(WHAT YOU NEED TO DO): Drop all images. Then write out each line below exactly as given.

(AVAILABLE DATA):

=======

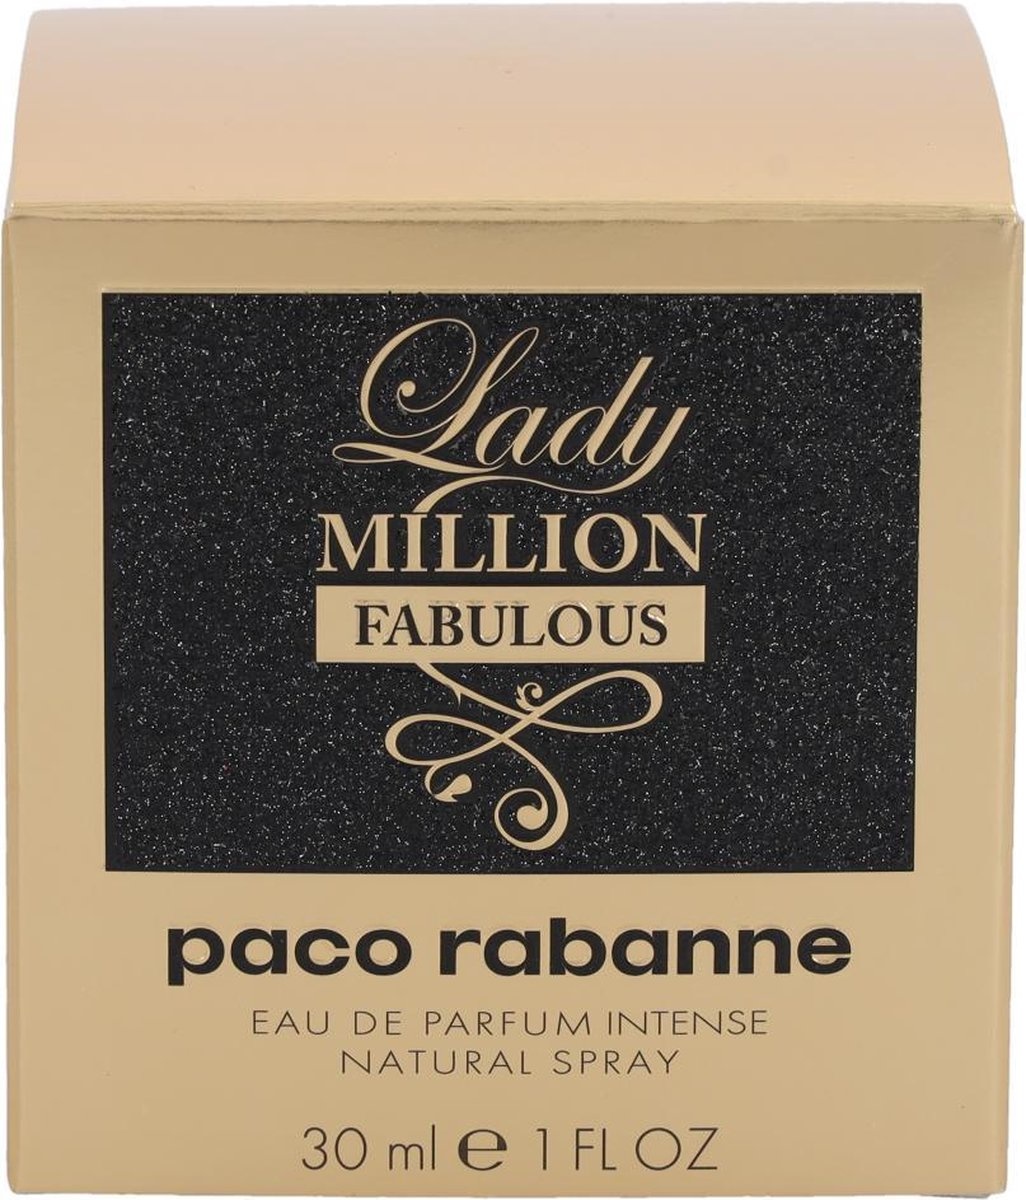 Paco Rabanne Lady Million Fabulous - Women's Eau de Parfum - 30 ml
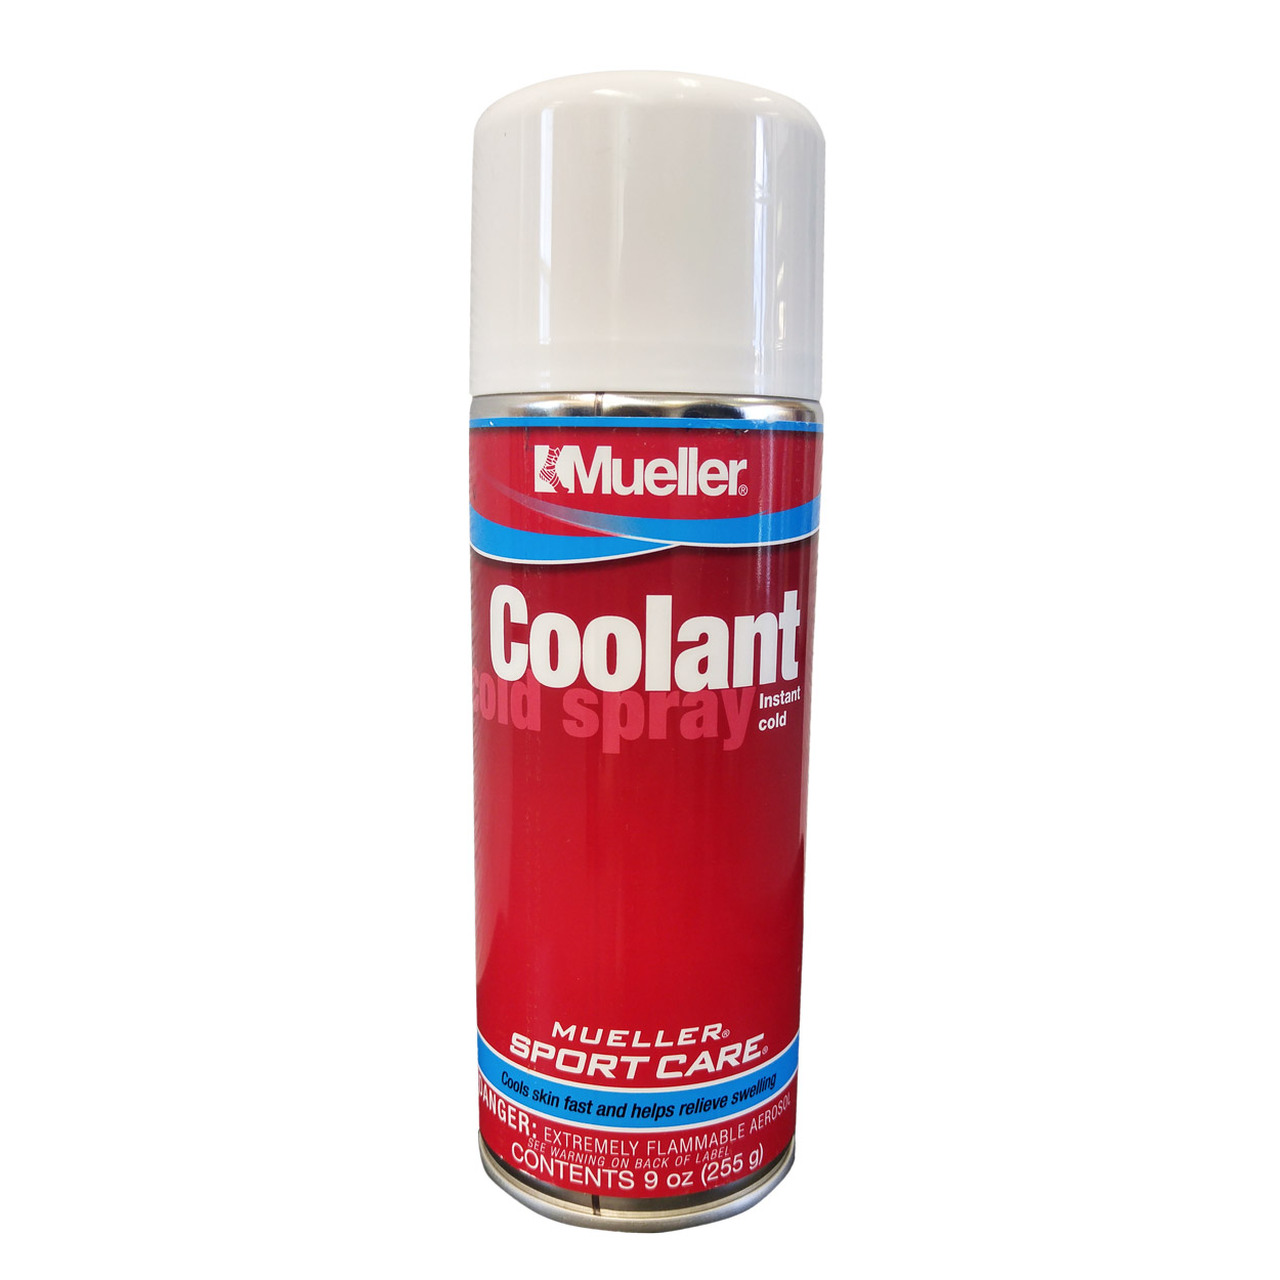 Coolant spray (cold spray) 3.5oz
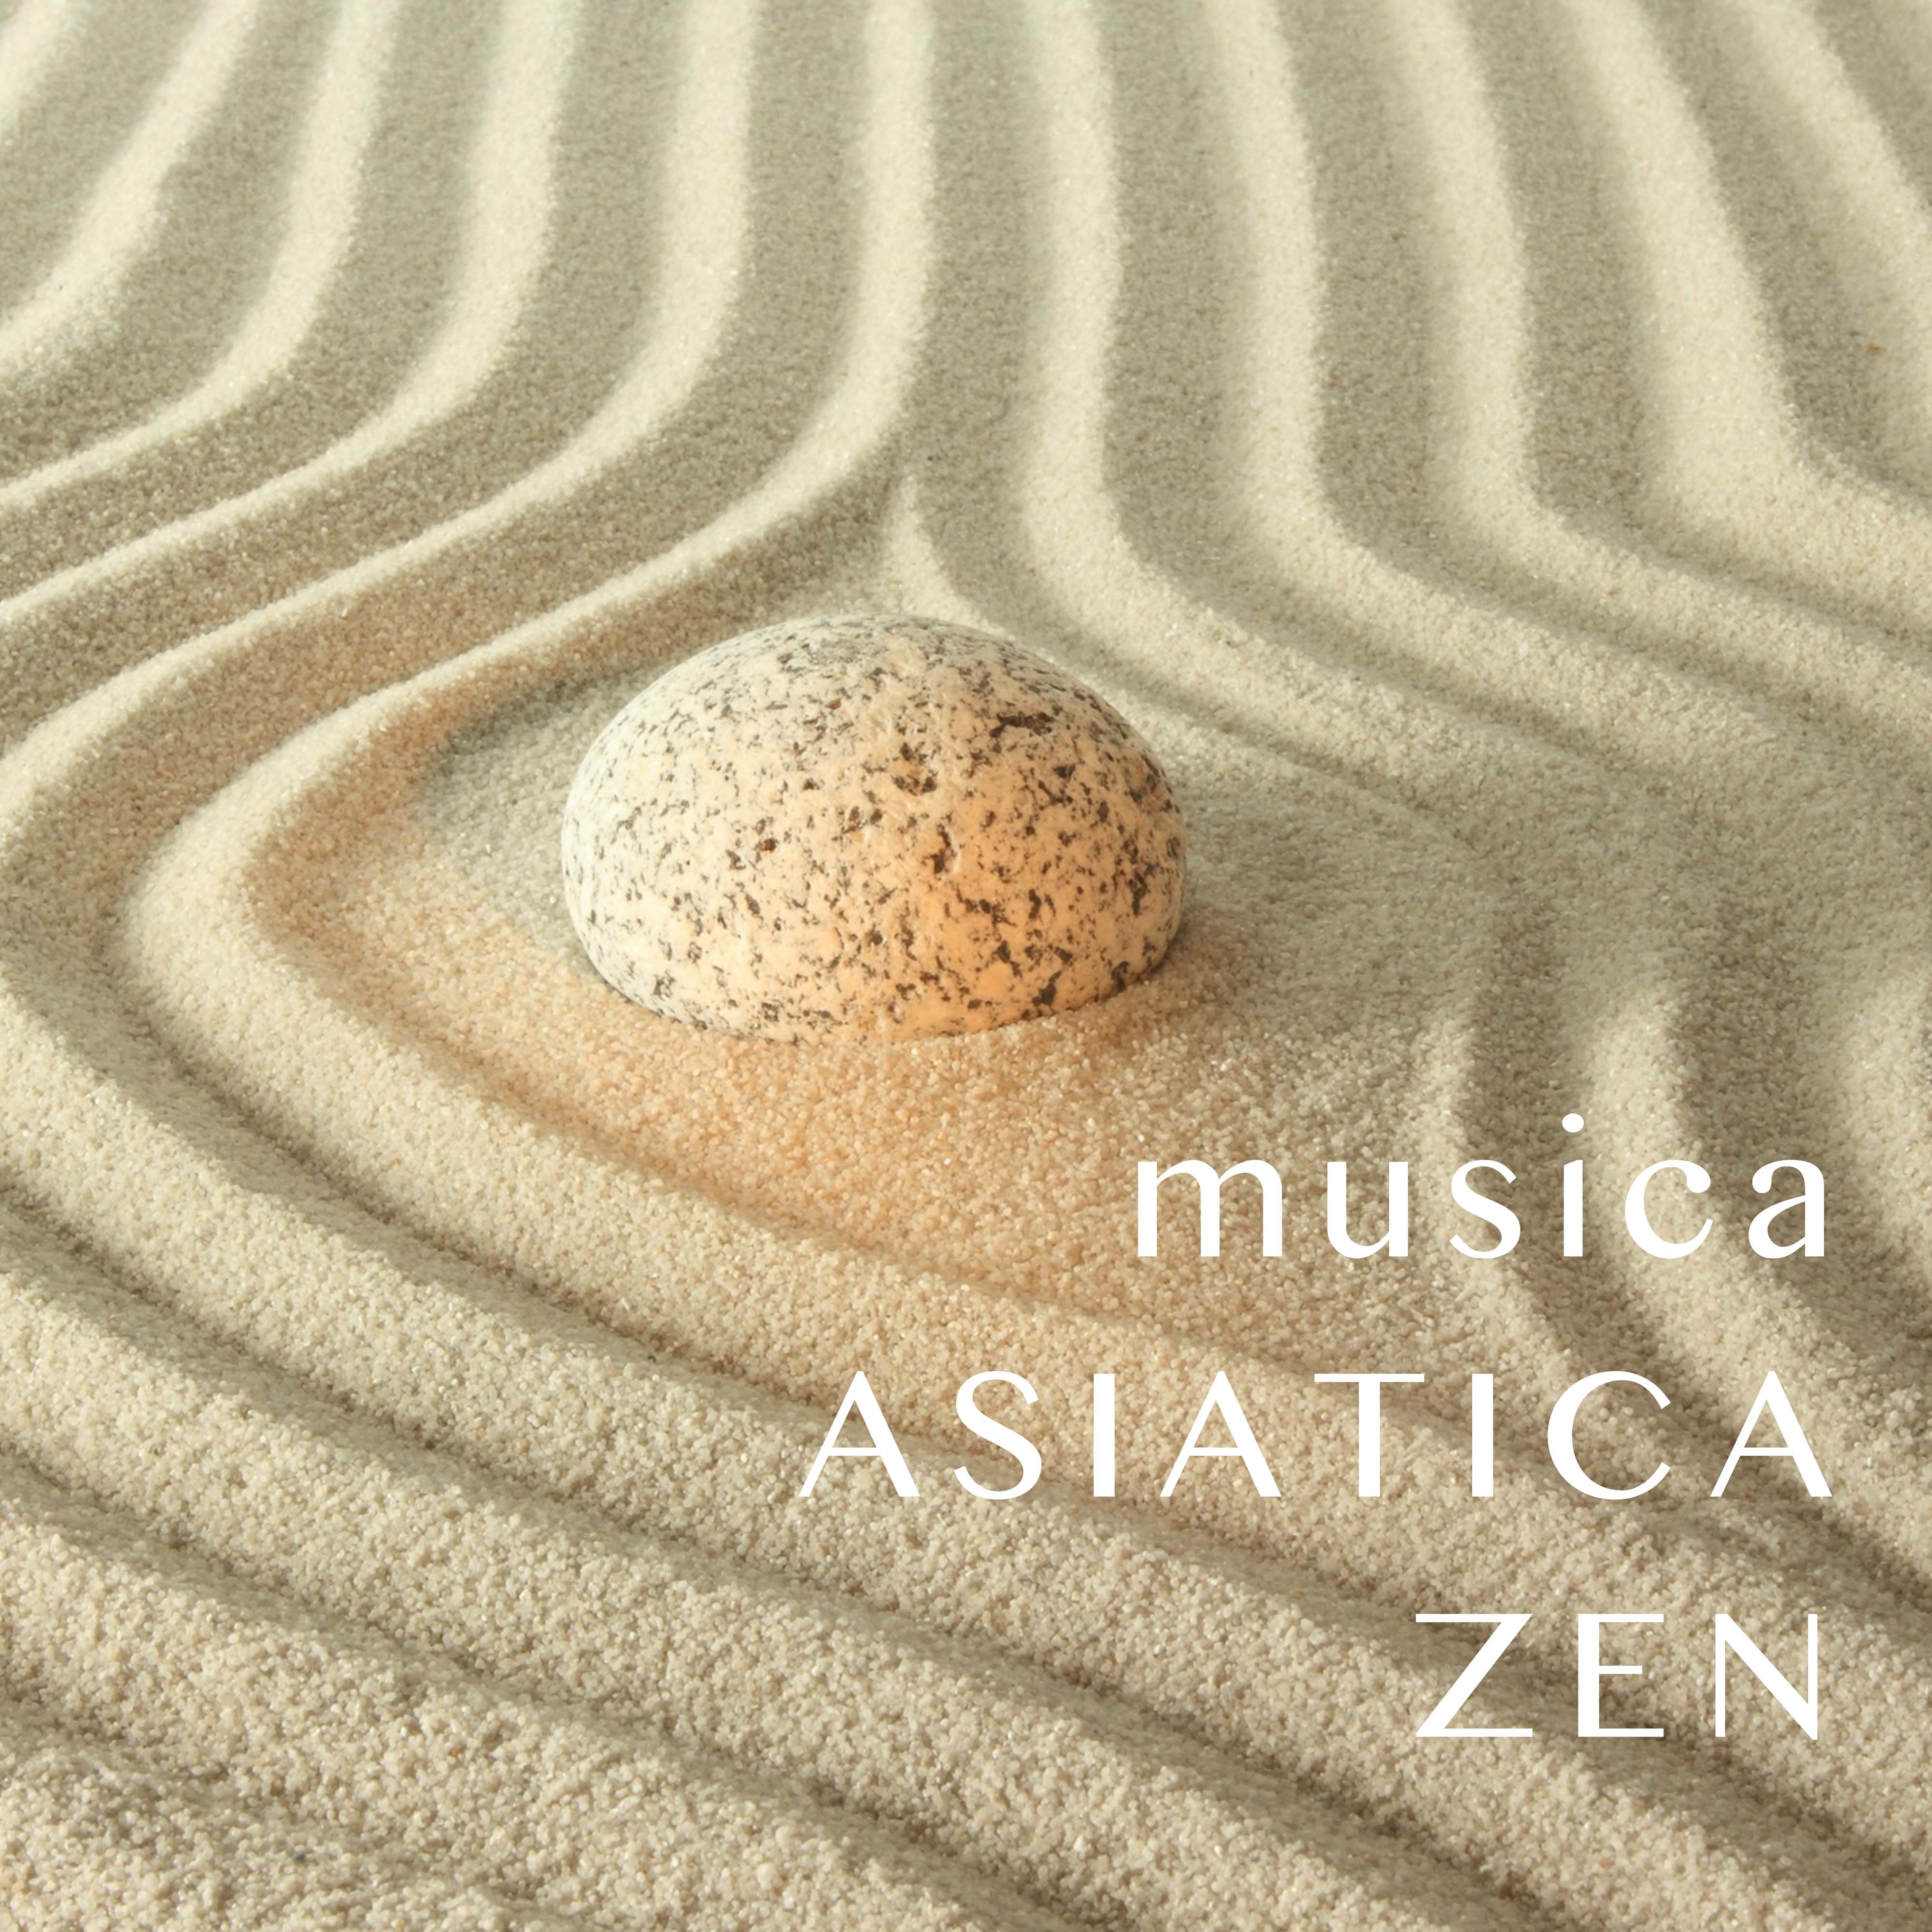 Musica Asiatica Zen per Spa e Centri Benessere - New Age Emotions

=======

(RESULT FOR THIS EXERCISE):
 Paco Rabanne Lady Million Fabulous - Women's Eau de Parfum - 30 ml
 Coolant spray (cold spray) 3.5oz
 Musica Asiatica Zen per Spa e Centri Benessere - New Age Emotions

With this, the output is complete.